Originally Posted by *hottmama* 
My son weighed 35 lbs. (36") at 3 and weighs 40 lbs. now, he will be 4 this month. He's 40" tall and a bit on the chubby side, I think. I was a chubby toddler, though, and have been underweight since about 6. What were you shaped like when you were little? He's probably taking after one of his parents.

I was a skinny kid. Not shorter than my peers, but skinny. I imagine my dh was a skinny child as well. We are both skinny 30 somethings. I keep telling dh to consider that when comparing ds1 to other 4 year olds. Ds1 is pretty short, too, though. He was 36" at his 3yo checkup. I know he's grown some, but he still seems a lot shorter than other children his age. Dh is 6'4" and I'm 5'7".

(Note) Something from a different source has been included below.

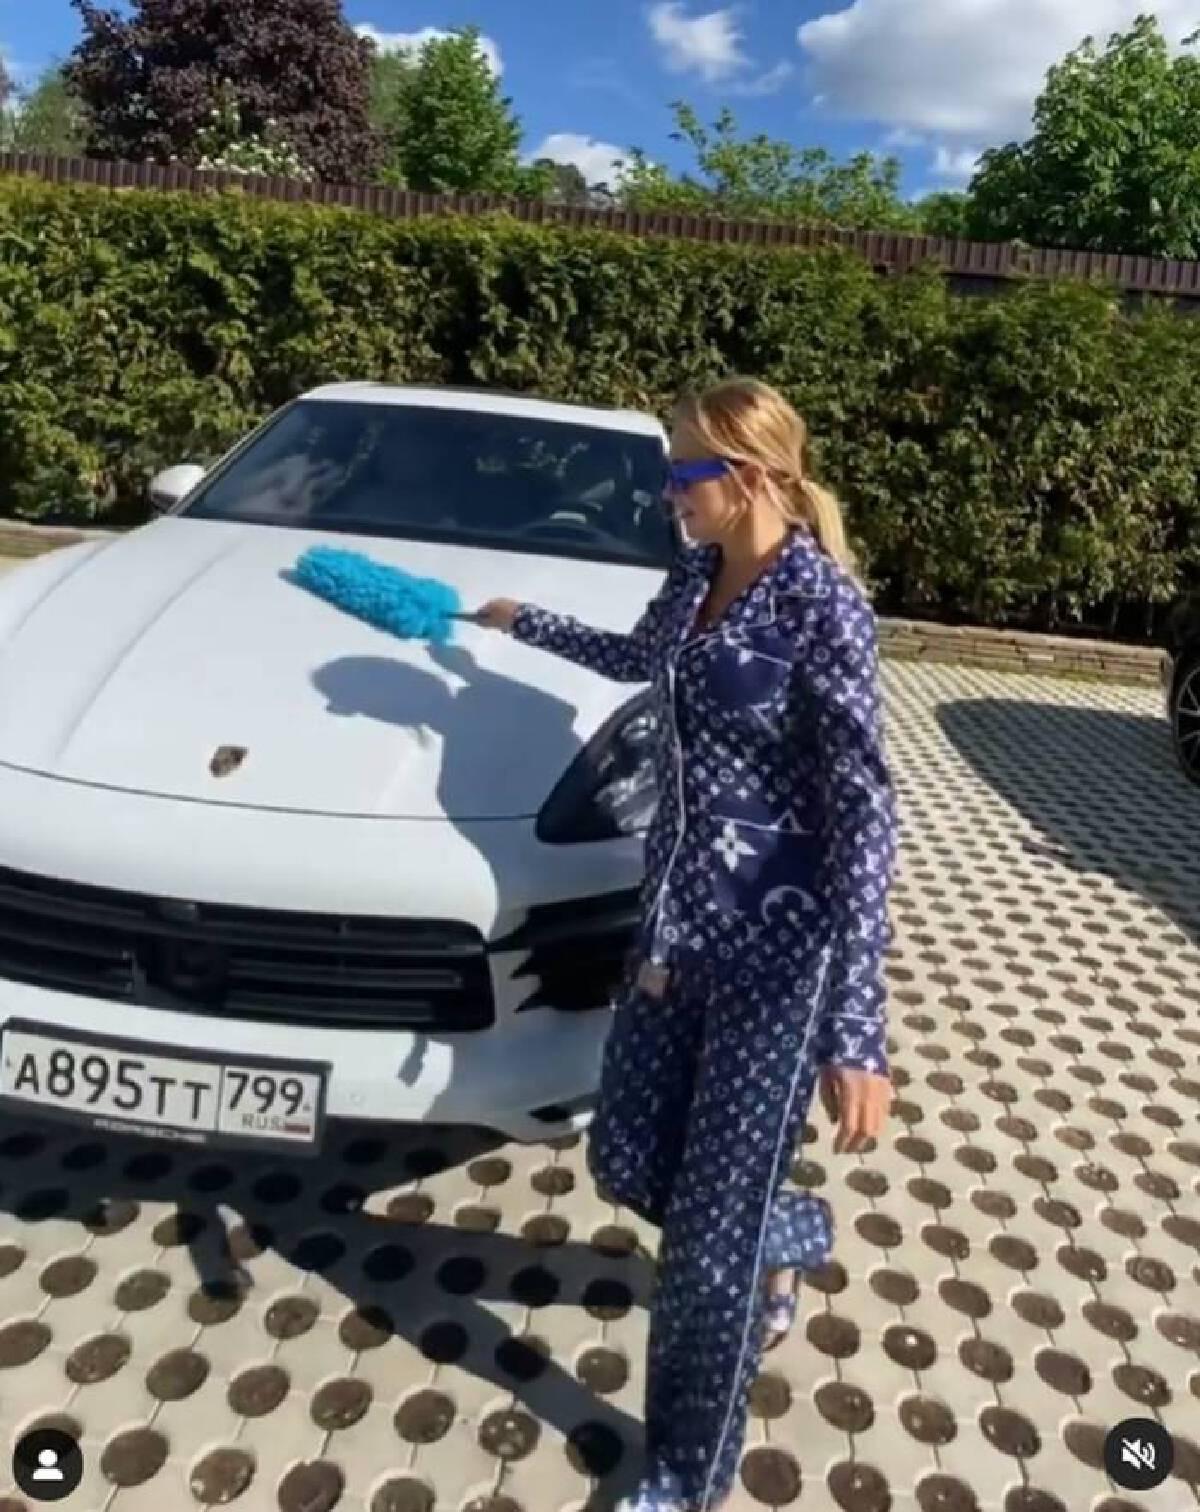 ชาวเน็ตถล่ม เศรษฐีนักธุรกิจชาวรัสเซีย หลังเปิดโหวต วันนี้ขับปอร์เช่สีไหน

I can see the variation in just these few responses to my original post. As long as he's grown some all is well in my book. I do secretly hope for a growth spurt sometime soon, though-at least so mil and dh will quit worrying about it.


----------



## Cinder (Feb 4, 2003)

Hmm, I think Janelle weighed 23lbs at 3 and 27lbs at 4, but we took out her tonsils due to her not having grown at ALL (in anyway) since 2 1/2 and severe sleep apnea, and that caused a huge, for her, growth spurt.

Between 3 1/2 and 4 she lost half a lb.


----------



## Daffodil (Aug 30, 2003)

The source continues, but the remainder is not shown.